:: MATERIAL FOR THIS TASK ::

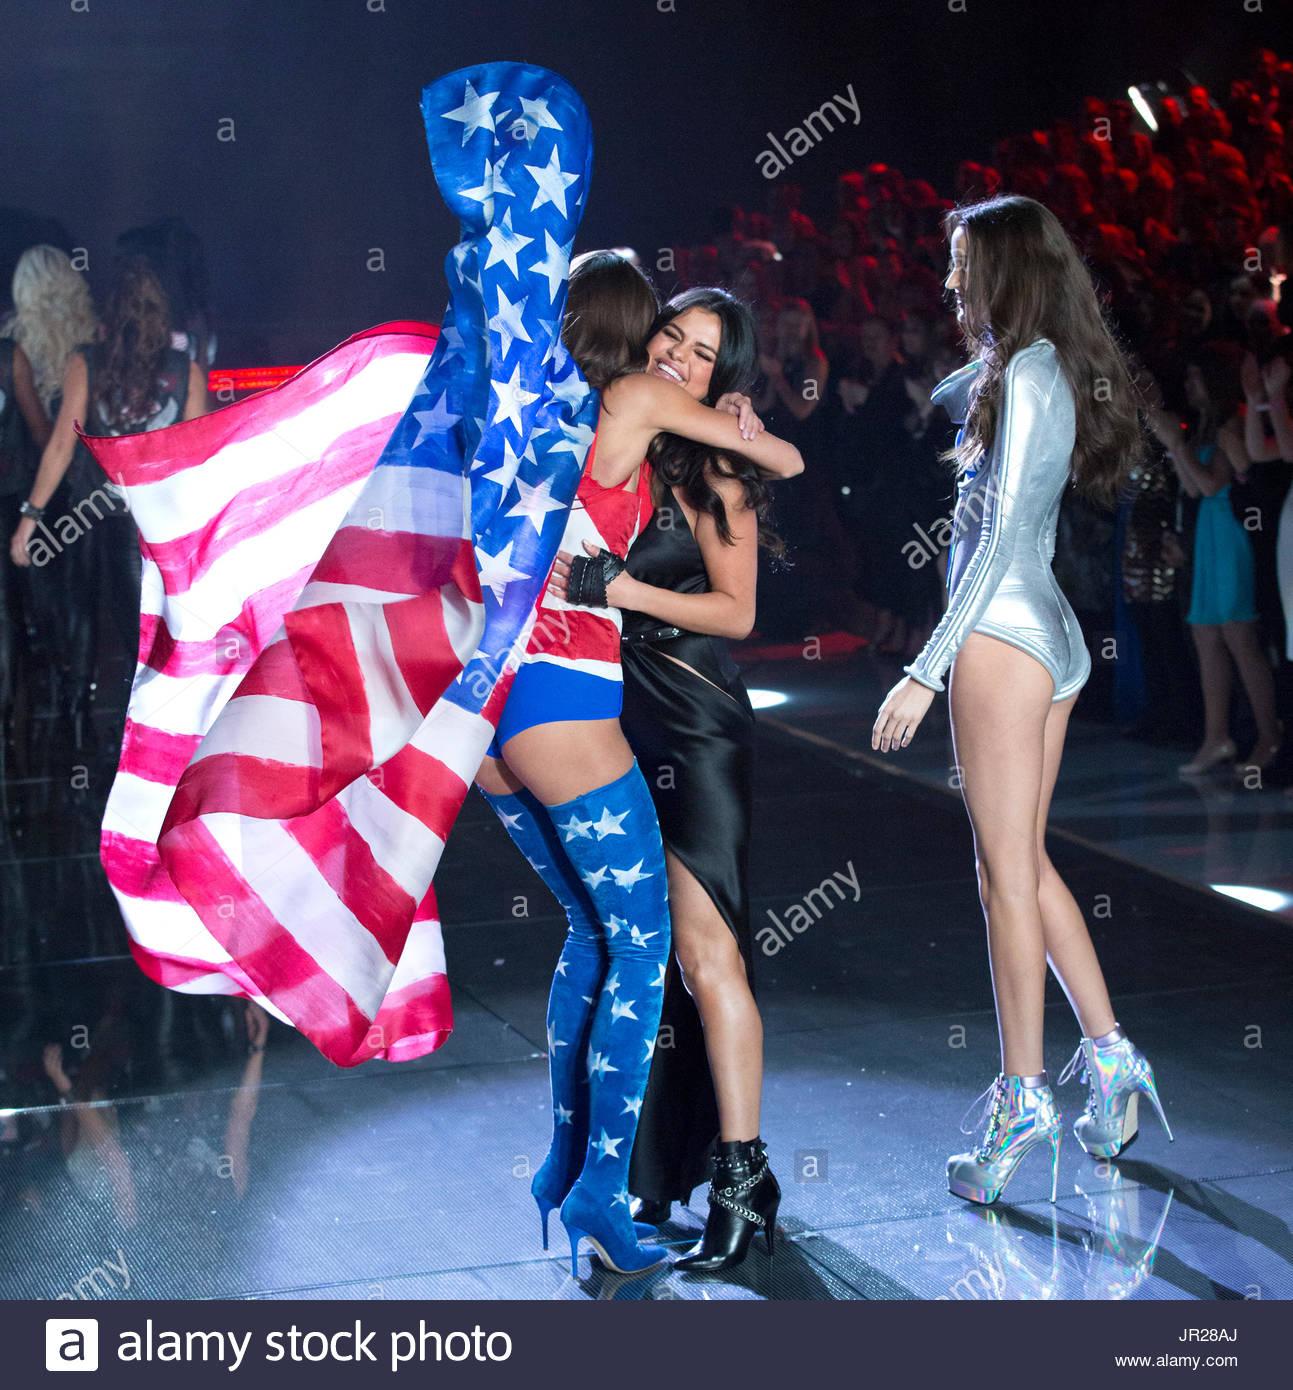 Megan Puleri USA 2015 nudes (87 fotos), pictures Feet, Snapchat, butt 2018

:::
:: MATERIAL FOR THIS TASK ::

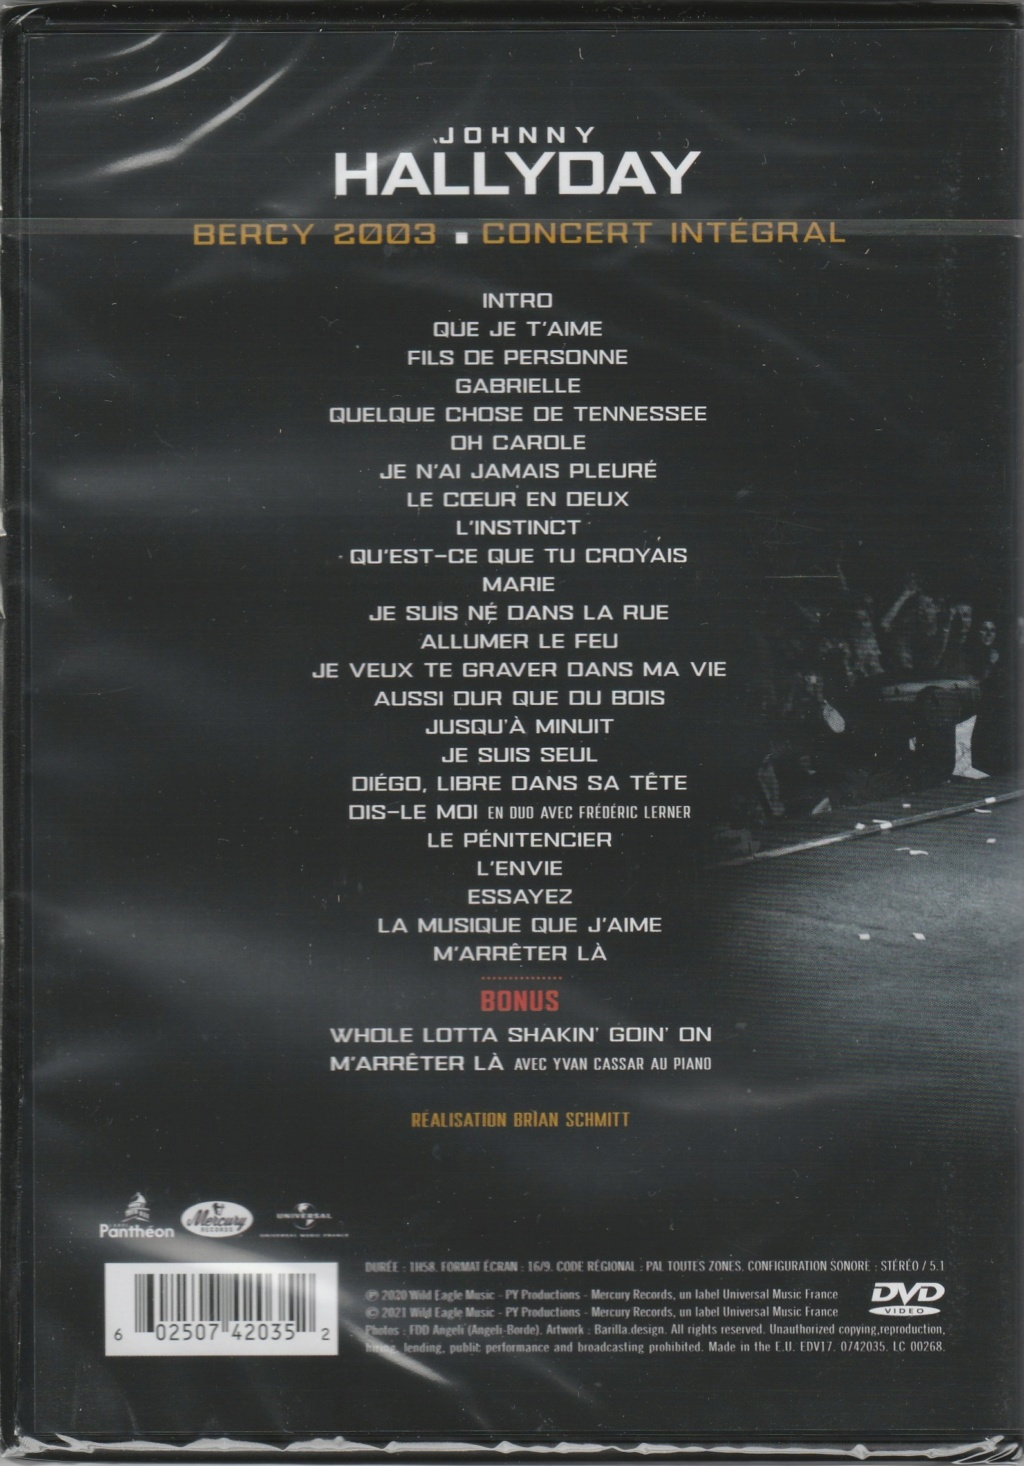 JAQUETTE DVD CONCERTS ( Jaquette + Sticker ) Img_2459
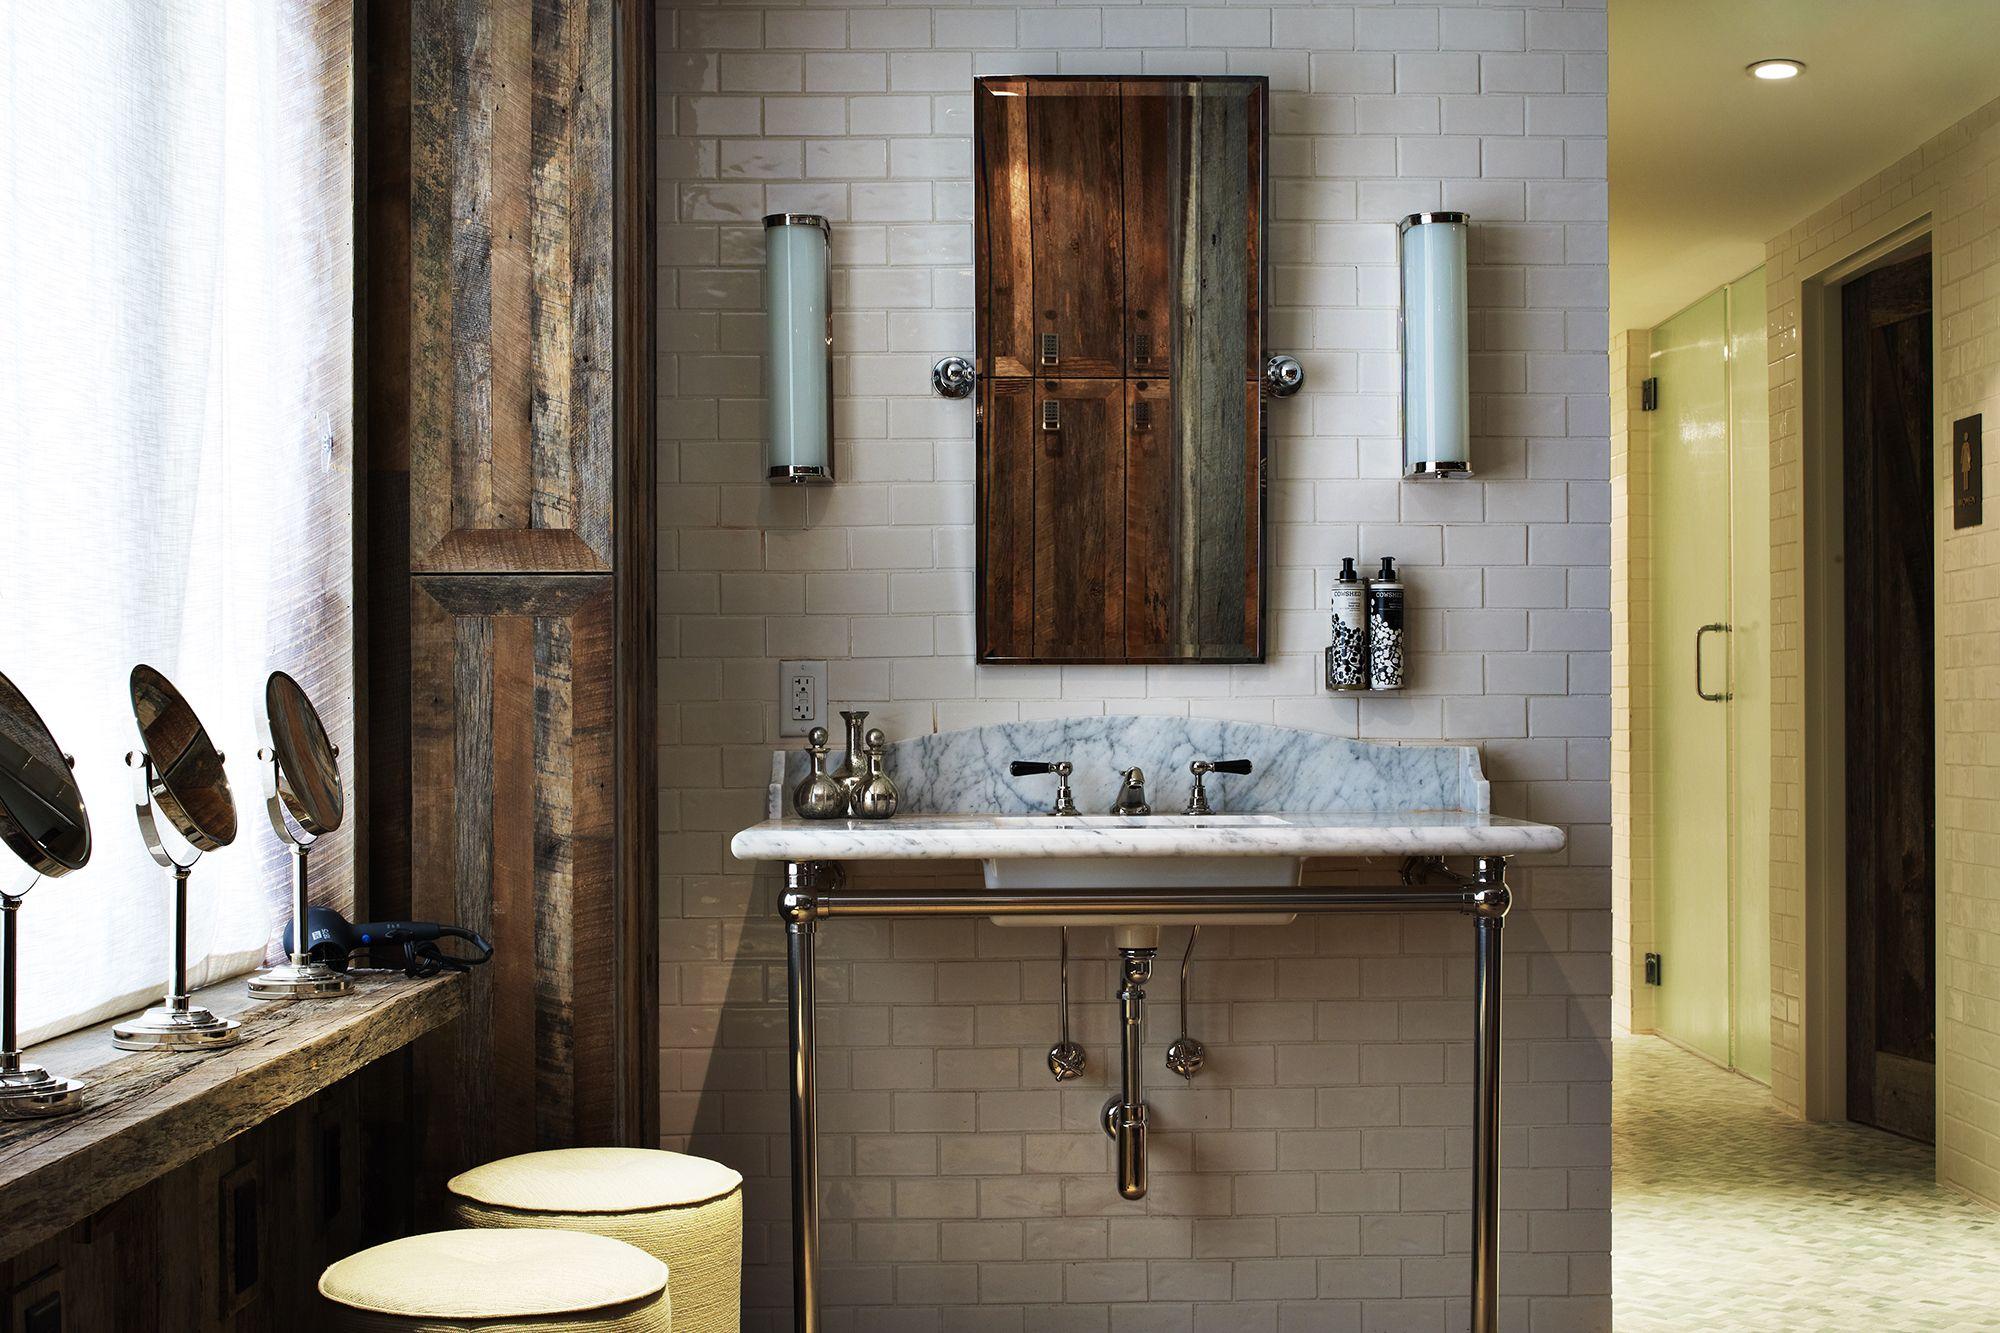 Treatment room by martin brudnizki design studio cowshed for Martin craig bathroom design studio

:::

-- PROBLEM REQUIREMENTS --
Each line from the one that contains "JAQUETTE DVD CONCERTS" down to the one that contains "Treatment room by" is to be returned exactly as it stands above, both ends included, with pictures removed.

-- EXERCISE ANSWER --
 JAQUETTE DVD CONCERTS ( Jaquette + Sticker ) Img_2459
 Treatment room by martin brudnizki design studio cowshed for Martin craig bathroom design studio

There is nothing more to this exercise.